• Exercise data
★ ★ ★ ★
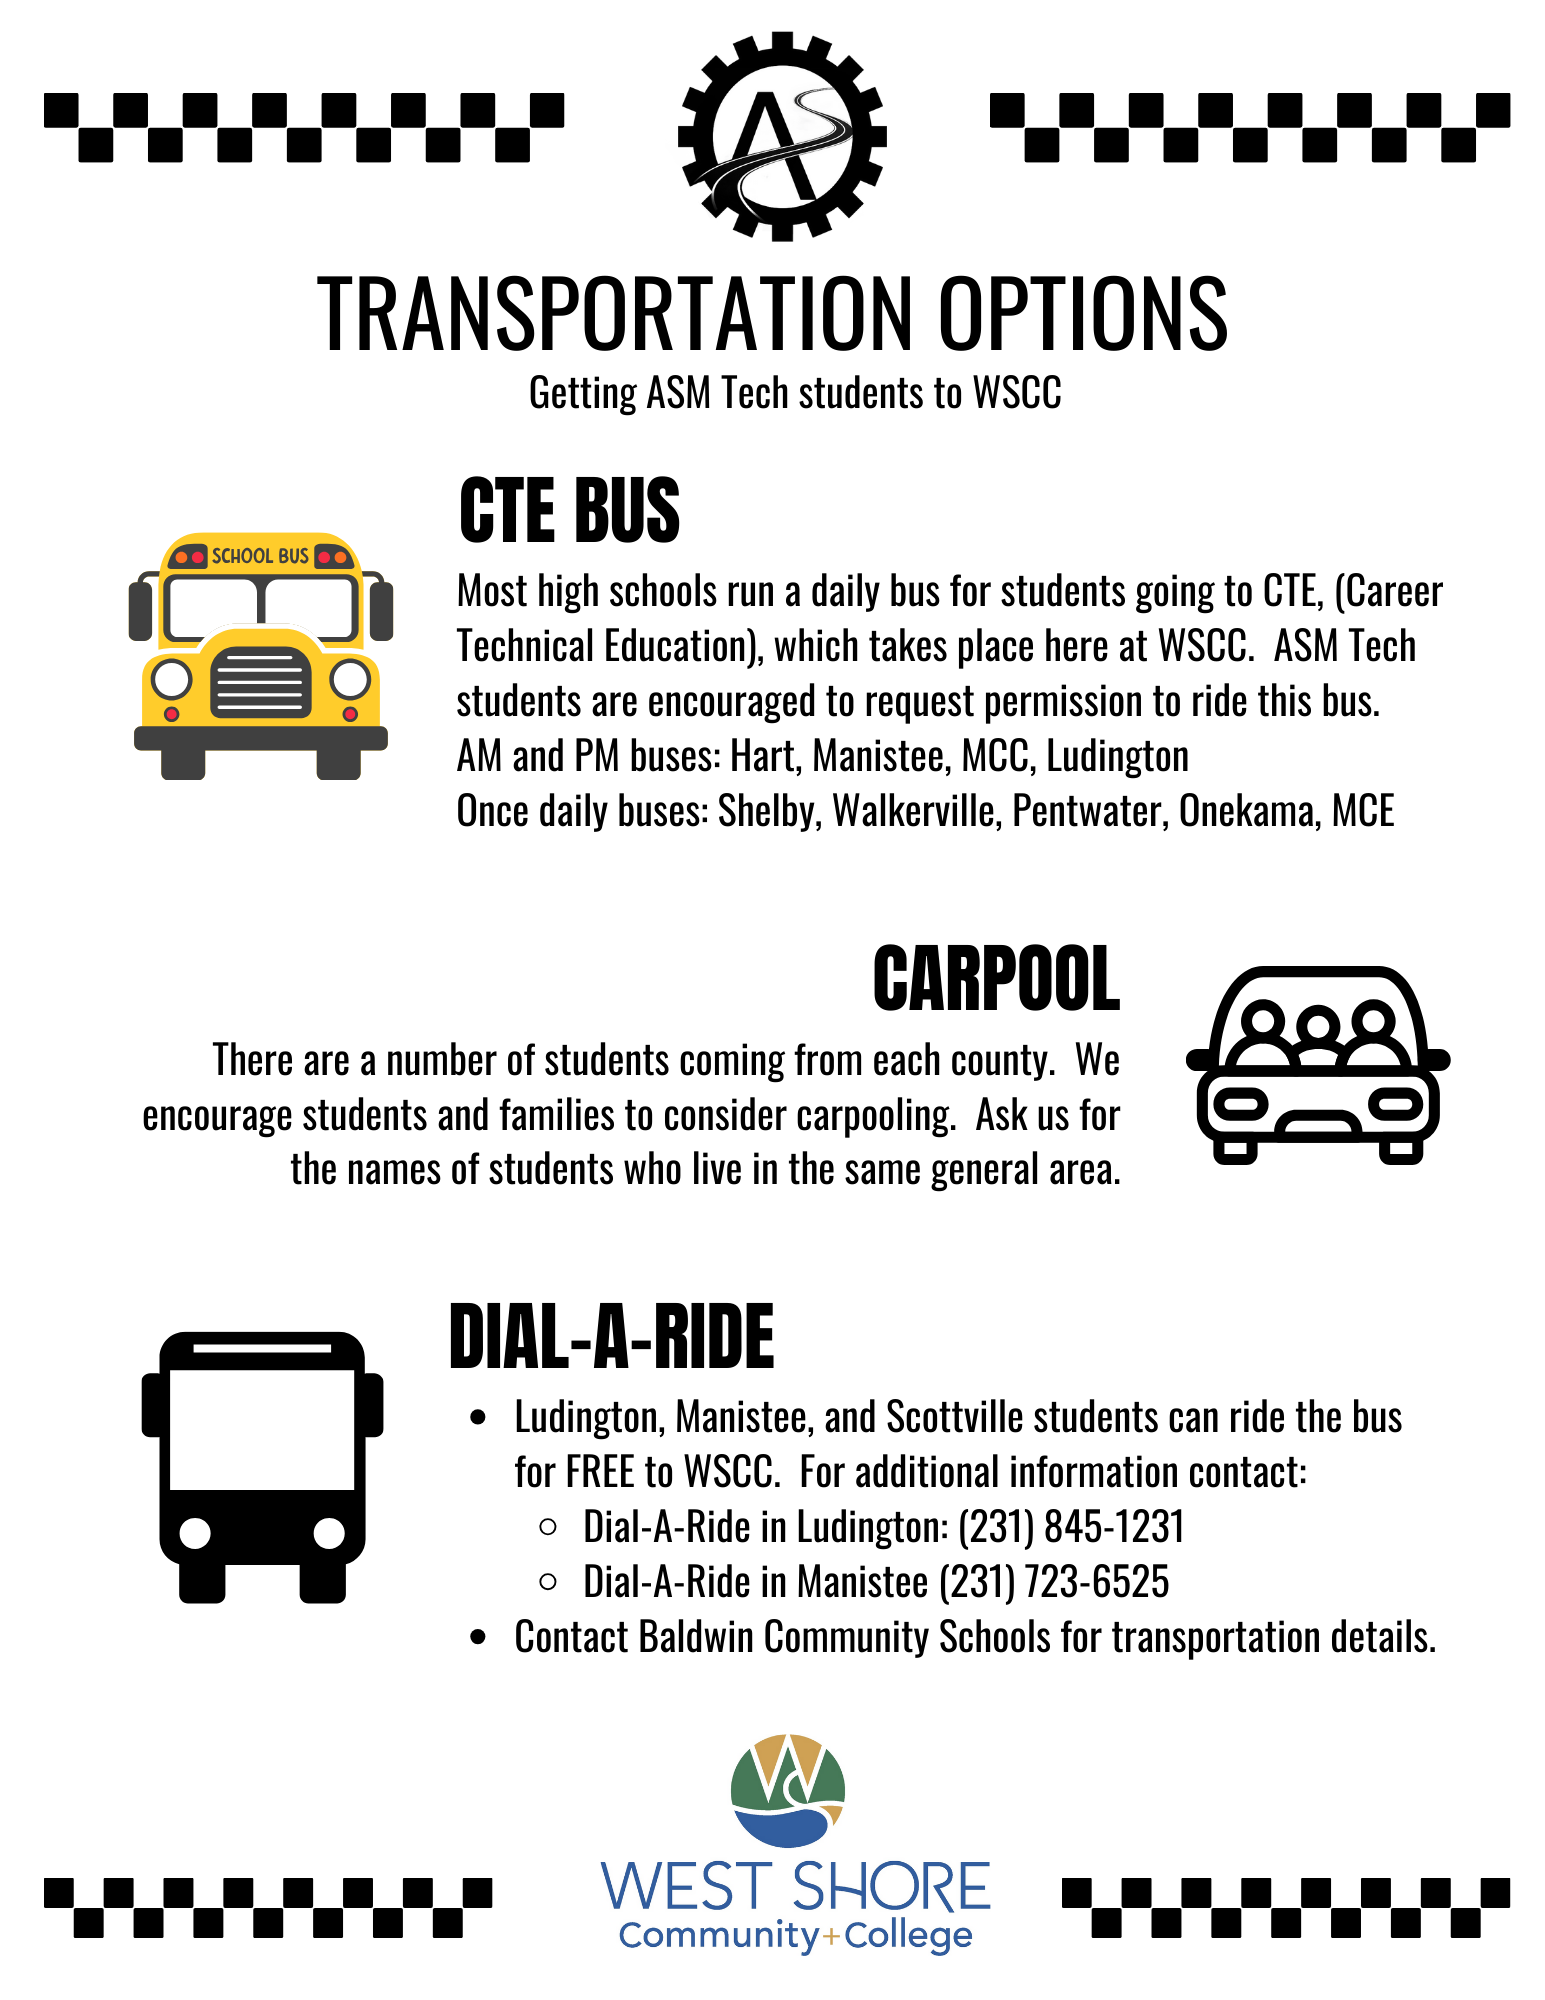 Transportation Options to WSCC for ASM Tech Students
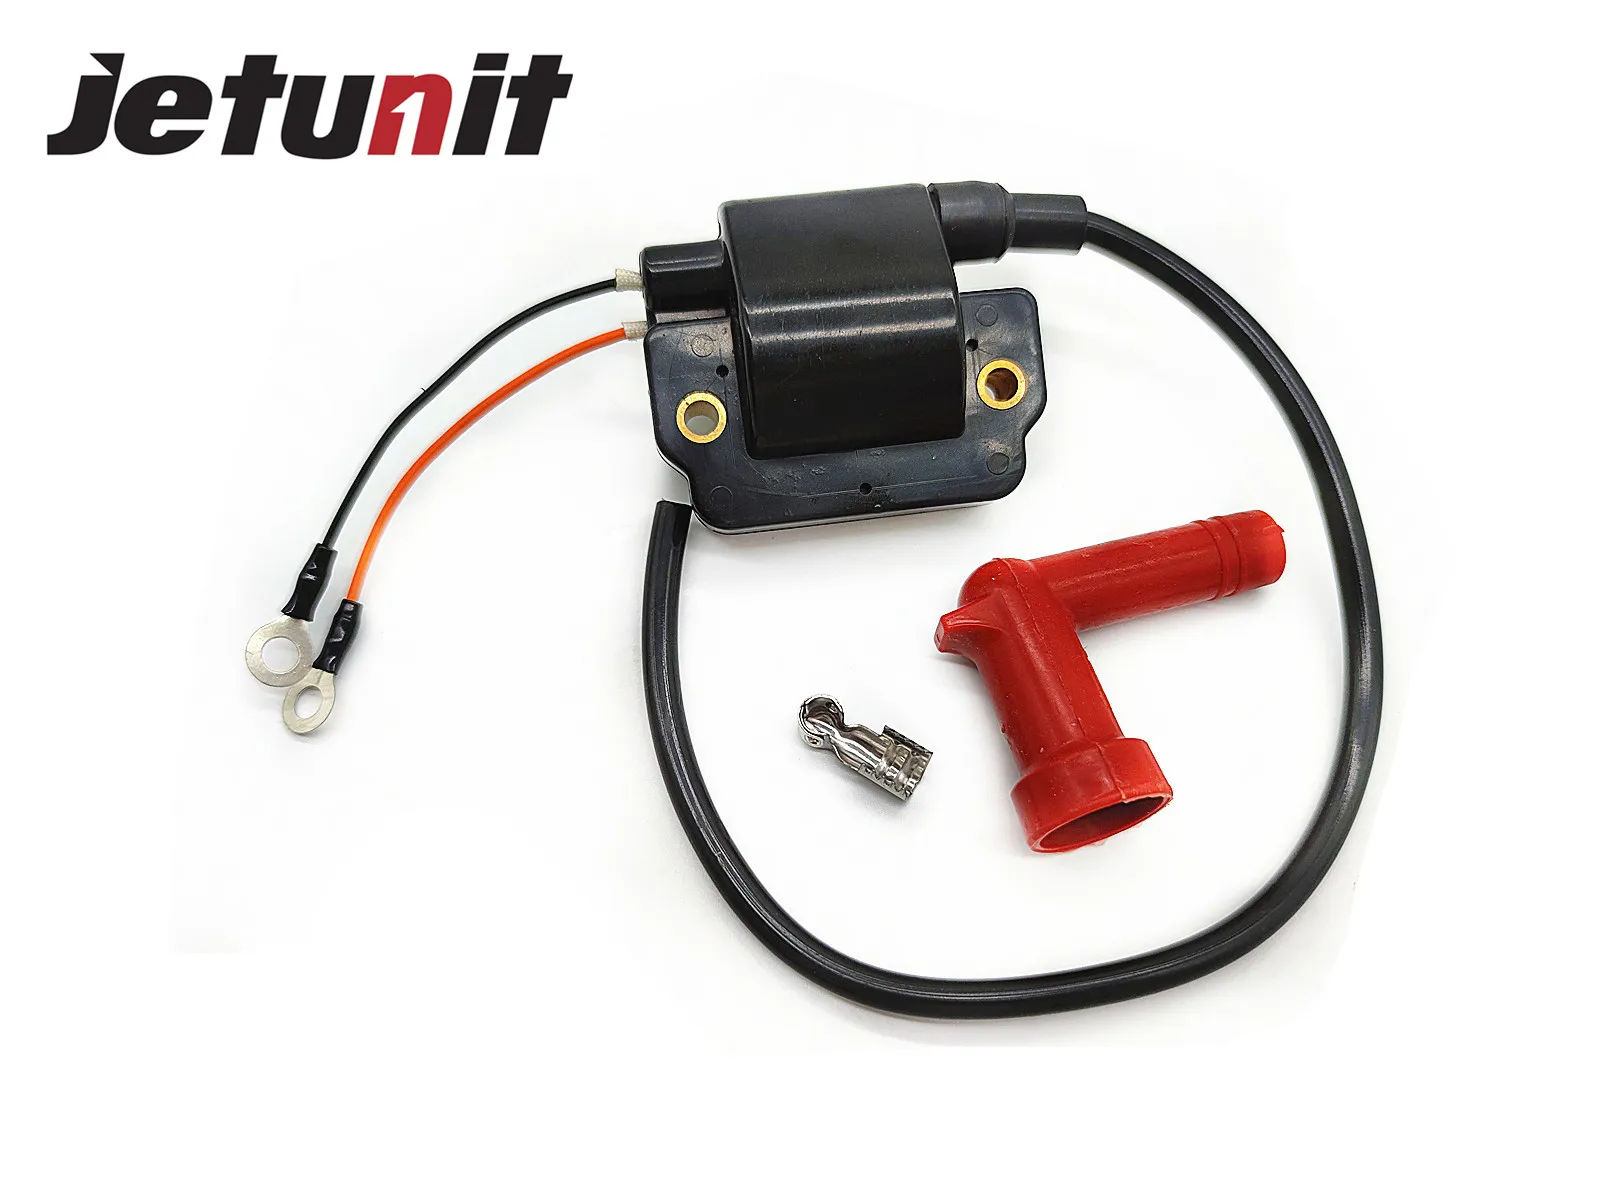 Outboard Ignition Coil For Yamaha 697-85570-11-00 697-85570-10-00 55HP(1992-1995)60HP(1996-2001,2004 2006) 70HP 90HP
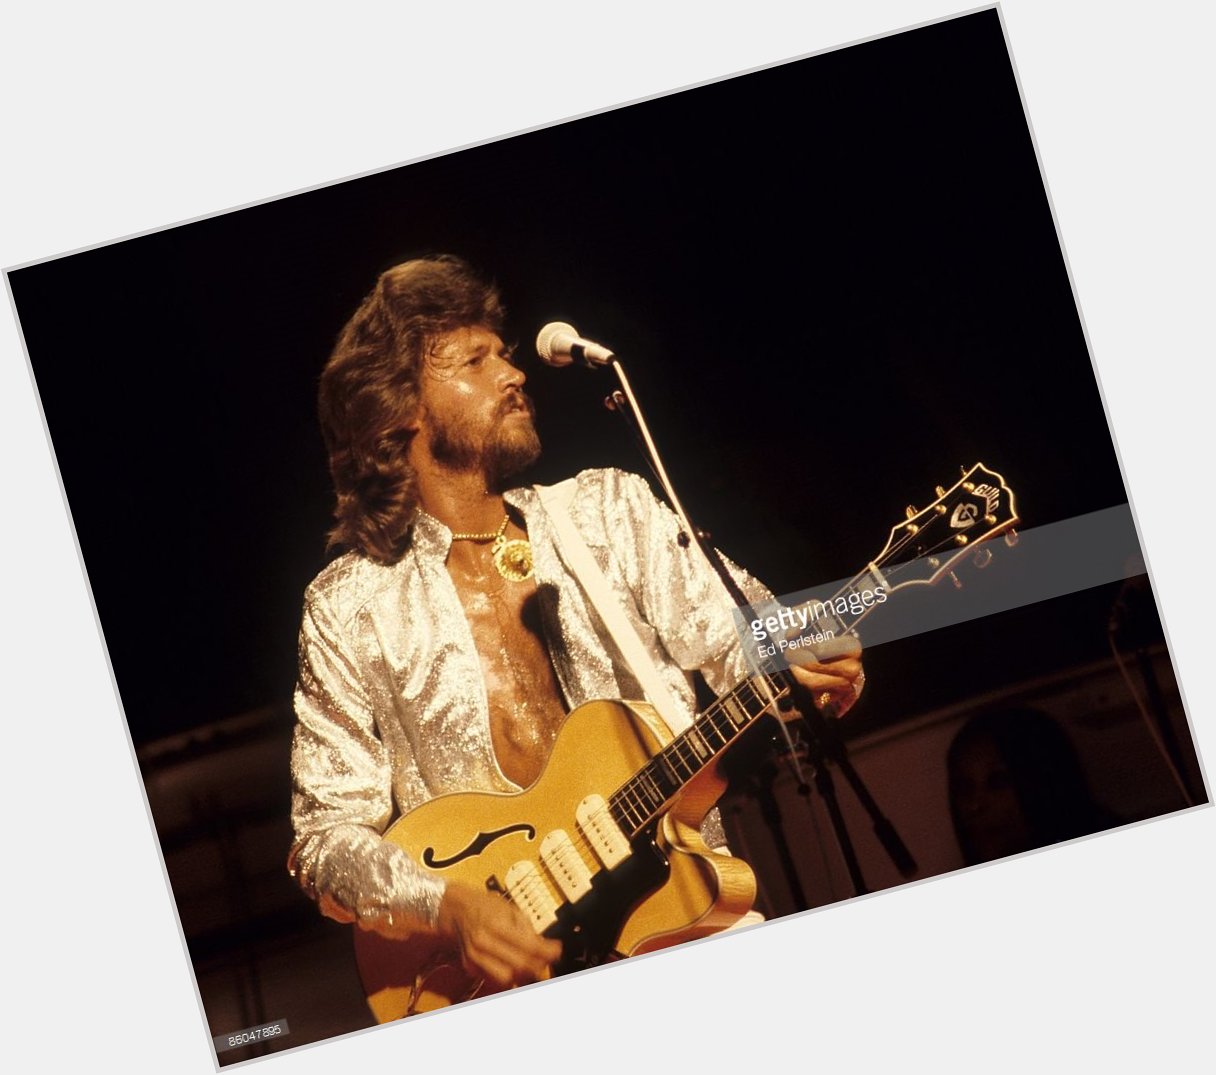 Barry Gibb is 71 years old today. He was born on 1 September 1946 Happy birthday Barry!
★ ★ ★ ★
• Work required
Copy out the data verbatim, with no pictures.

• Written answer
 Transportation Options to WSCC for ASM Tech Students
 Outboard Ignition Coil For Yamaha 697-85570-11-00 697-85570-10-00 55HP(1992-1995)60HP(1996-2001,2004 2006) 70HP 90HP
 Barry Gibb is 71 years old today. He was born on 1 September 1946 Happy birthday Barry!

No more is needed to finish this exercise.